Although it wasn't yet an official part of its name, RTI first earned the descriptor "international" In the fall of 1961, when the institute undertook its first overseas project in Nigeria, devoted to agricultural statistics (two years would pass before its second international project, again in Nigeria). It's a much different story today, with hundreds of diverse projects spanning the globe in dozens of developing countries, ranging from Indonesia to Nepal to Madagascar.

As it was throughout the 1960s and 1970s, RTI's international work is predicated on helping governments in developing nations build governing infrastructures; improve water quality, energy efficiency, agricultural production, sanitation, pollution, literacy, and health care; and optimize the allocation of resources. As diverse as it is, this work is closely aligned with the institute's mission of improving the human condition and turning knowledge into practice.
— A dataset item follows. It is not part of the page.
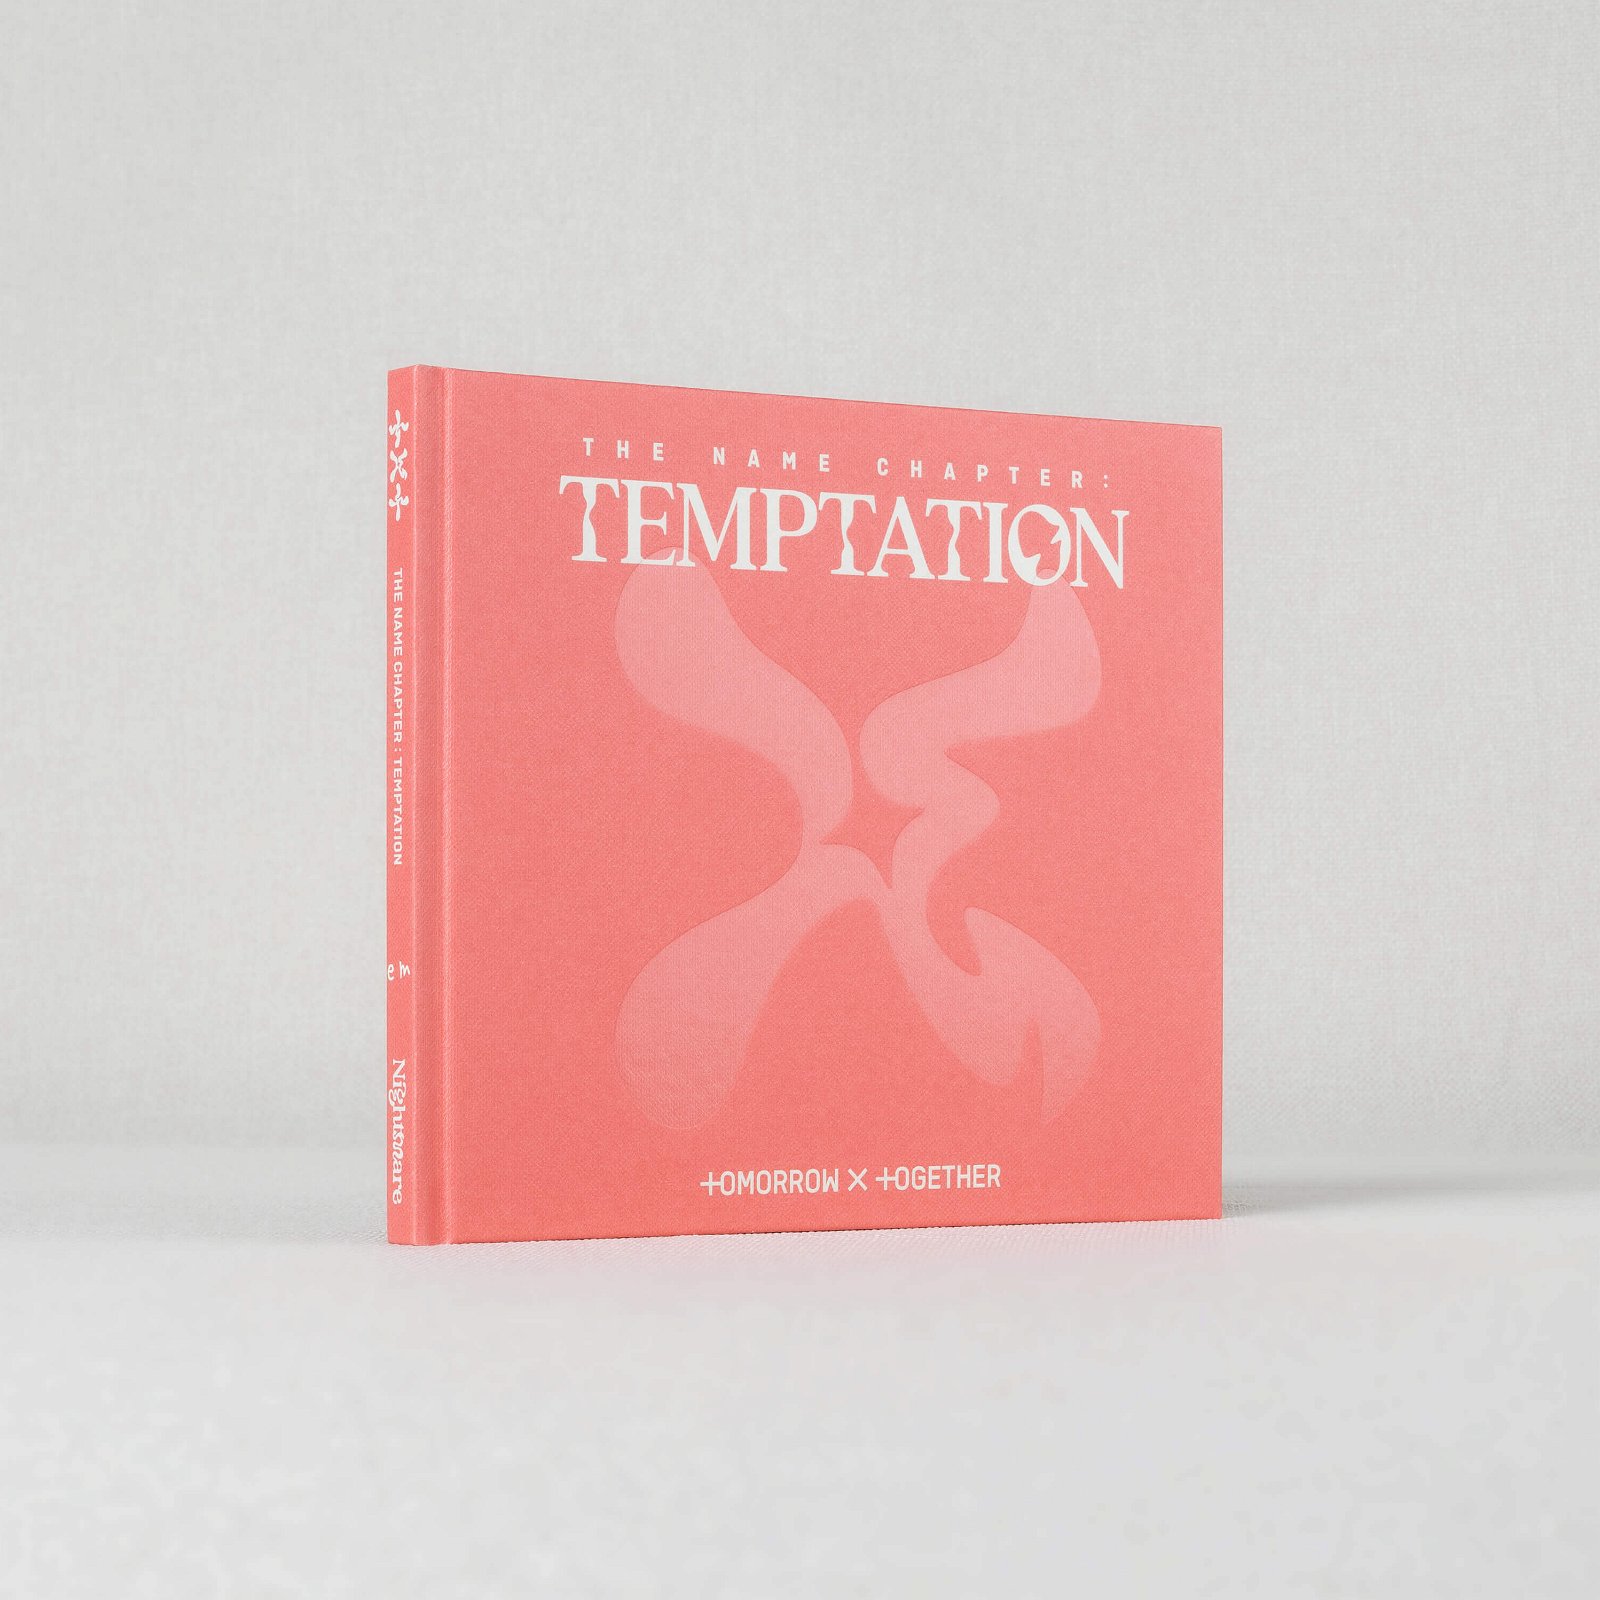 CD Shop - TOMORROW X TOGETHER THE NAME CHAPTER:TEMPTATIO

RTI does much of its work for the U.S. Agency for International Development (USAID), whose primary objective is to assist developing countries while furthering U.S. foreign policy objectives. Other clients include the World Bank, the Asian Development Bank, the United Nations, and governments of developing countries. For example, RTI was a founding member of the USAID consortium called Water, Sanitation and Hygiene (WASH), dispatching researchers to developing countries to analyze their water and sanitation problems and train local technicians in remediation tactics.

Some early international projects of RTI included helping the government of Morocco plan and carry out measures to address malnutrition and, in the 1970s, assisting the fast-growing city of Tamale, Ghana, in executing plans for better health care services, roads, drainage ditches, and other infrastructure. "Ghana was rapidly urbanizing, which caused increased demand on services like sewers, water, and streets," explains project lead Jim McCullough.

RTI's international projects proliferated in the late 1970s and throughout the 1980s, running the gamut from developing a research and development center devoted to solar, wind, and hydroelectric power in northern Africa to helping the central ministries of Indonesia craft national laws facilitating local-level governance. Dan Goetz, who joined RTI's Office for International Programs (OIP) in 1983, recalls his first USAID-funded project to create a property-tax system for local governments in Tunisia, "something that would make it possible for Tunisian towns to no longer hand-copy their tax rolls but actually start managing data." A small improvement, it may seem, but one that helped this struggling African nation get its finances in order and proved to be of immense benefit to its citizens.